In the court’s 4-1 decision April 2 in Theron W. Hunter v. State of Indiana, No. 69S01-0708-CR-332, the justices reversed Ripley Circuit Judge Carl Taul’s 2006 ruling to revoke Hunter’s probation. The case is remanded with instruction to reinstate the probation.

Hunter was convicted in 2000 of felony child molesting and sentenced to eight years, with four years suspended. He was released in July 2006 and placed on probation, but three months later the county probation department sought to revoke that probation. The trial court determined he’d violated his probation by living on his father’s property 15 feet from his half-sister’s mobile home where three children ages 14 to 18 lived, and that he had been in that mobile home remodeling the bathroom at times when the children came home from school. Hunter testified that he’d pack up and leave as quickly as possible about the time school left out, but sometimes he wasn’t able to leave before they got home.

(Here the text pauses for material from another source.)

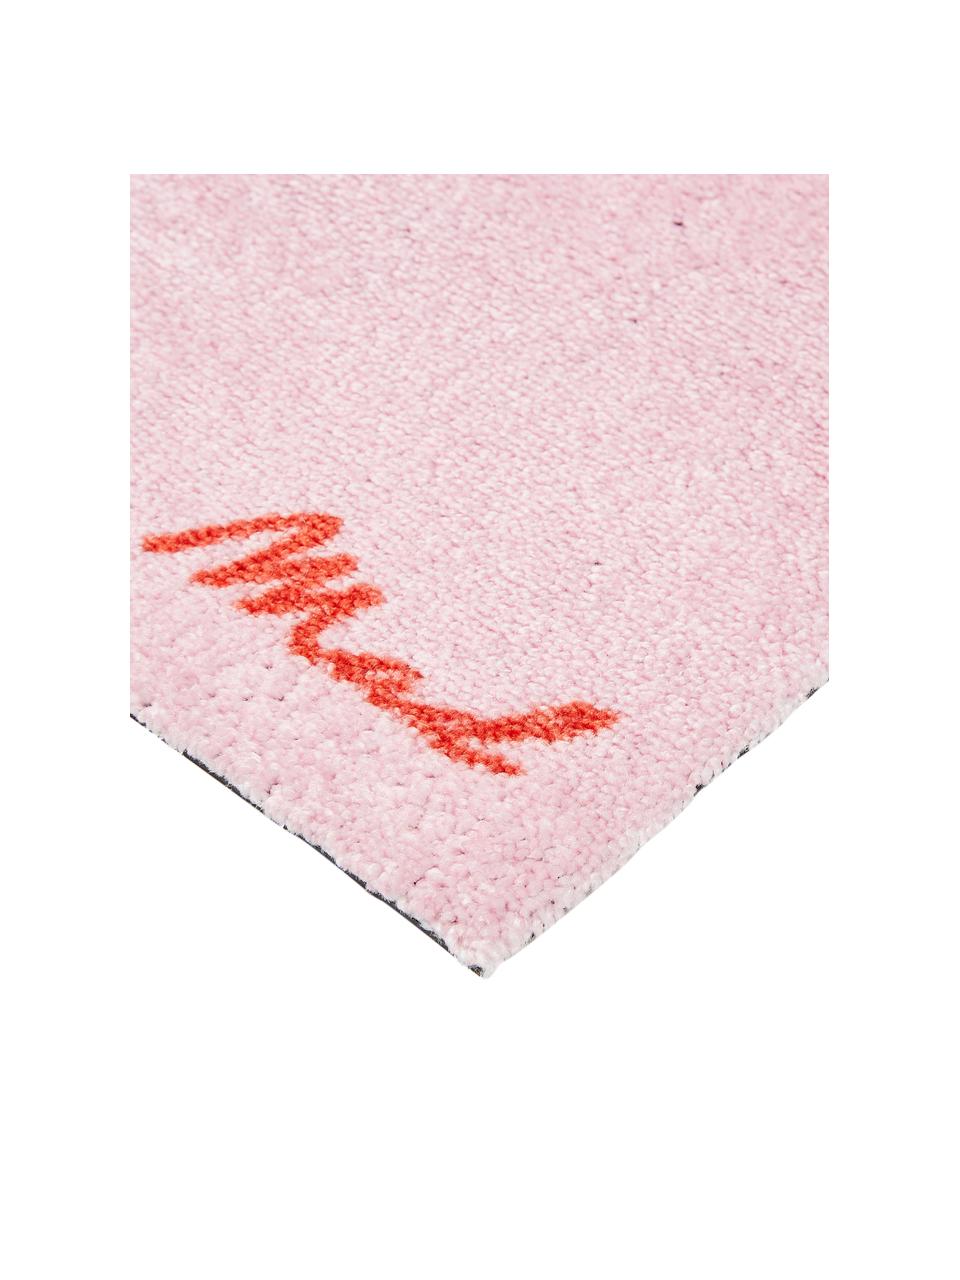 Zerbino Perla in poliammide leggermente lucido, lavabile, Retro: materiale sintetico, Rosa, Larg. 50 x Lung. 75 cm

At issue was a probation condition that he “must never be alone with or have contact with any person under the age 18 … Contact includes face-to-face, telephonic, written, electronic, or any indirect contact via third parties.” Any “incidental contact” also had to be reported within 24 hours to his probation officer.

While Hunter contended that “contact” meant some type of “interaction,” the state construed the word more broadly and argued it meant merely being in the presence of anyone under 18 and that was sufficient to prove a probation violation. The Court of Appeals agreed in a memorandum ruling in June.

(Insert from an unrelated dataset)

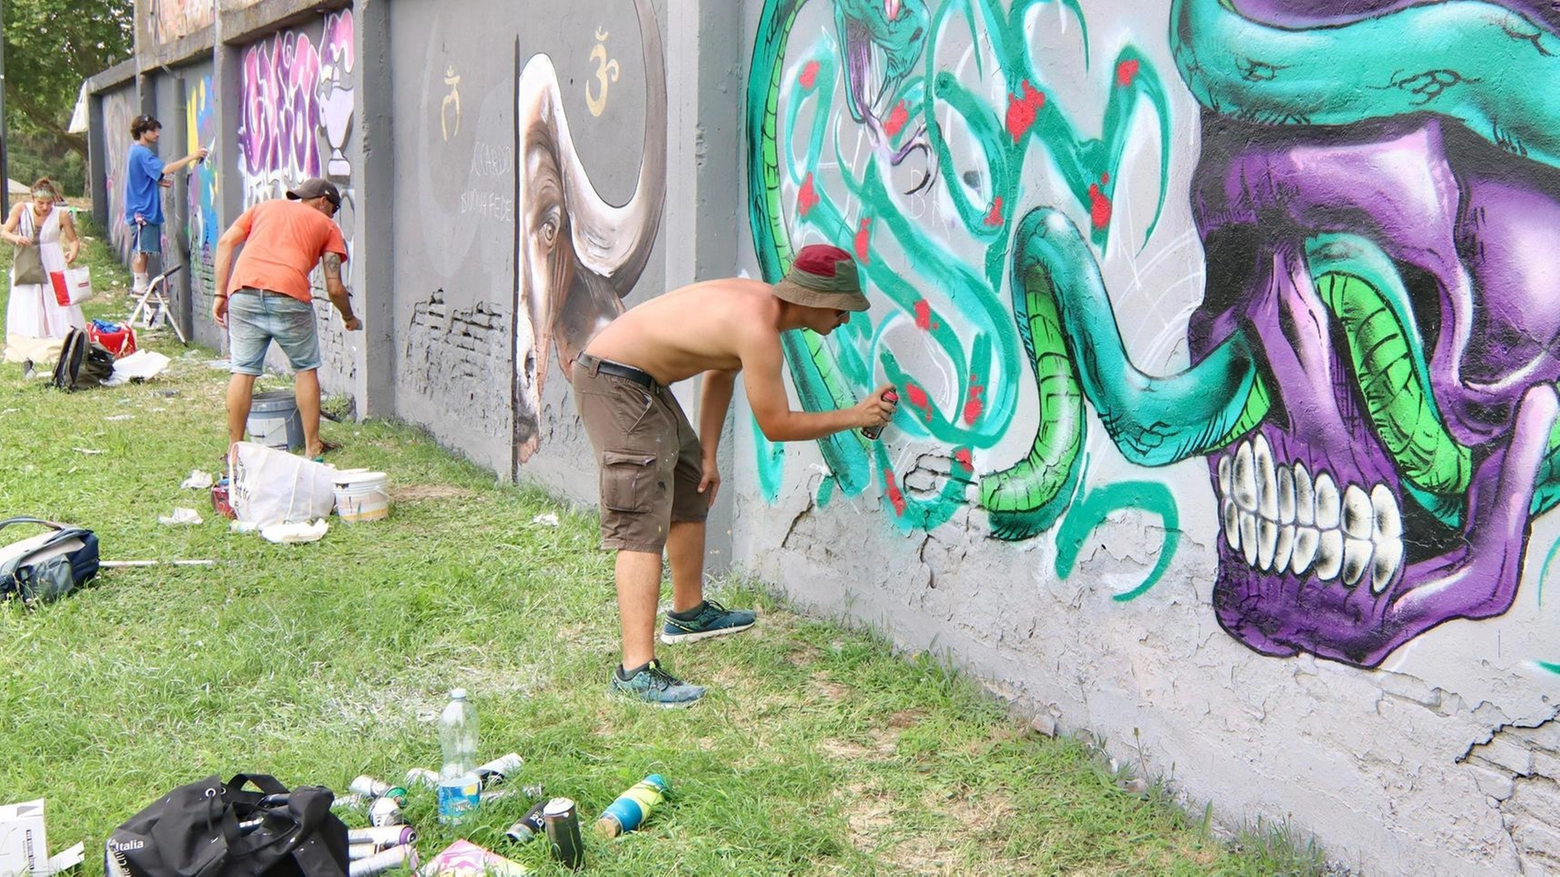 Darsena, due giorni tra i murales: "Graffiti in risposta al vandalismo"

But a majority of the state justices disagreed, indicating the wording of the probation condition was “ambiguous” and isn’t enough to have revoked Hunter’s probation.

In writing for the majority, Justice Brent Dickson noted that Hunter had cited a decade-old appellate ruling of Wright v. State, 688 N.E.2d 224, 266 (Ind. Ct. App. 1997) that quoted Webster’s Dictionary in noting “contact” means “establishing of communication with someone” or “to get into communication with,” as well as “communication occurs when a person makes something known or transmits information to another.” Justice Dickson also observed that the word “is not commonly understood to occur by mere presence alone.”

“If the trial court intended a condition of probation to prohibit the defendant from the behavior shown by the evidence in this case, effective deterrence and fair advance notice necessitate that the choice of language must clearly describe the prohibited contact,” Justice Dickson wrote. “The probation condition in this case lacked sufficient clarity to provide the defendant with fair notice that the conduct at issue would constitute a violation of probation.”

He also wrote that the occasional “incidental contact” with his sister’s children didn’t constitute a violation because the vagary of the word in this case.

Justice Frank Sullivan disagreed with his colleagues, writing in a dissent that the probation conditions clearly defined what the word “contact” meant, that it didn’t require “interaction,” and the term “face-to-face” was not vague.

“There is no dispute but that Hunter was present on multiple occasions in the mobile home when the children came home from school,” he wrote. “This was sufficient evidence for the trial court to conclude that Hunter had face-to-face contact with children under the age of 18. He did not report the contact to his probation officer within 24 hours of the contact. This was sufficient to support the revocation of his probation.”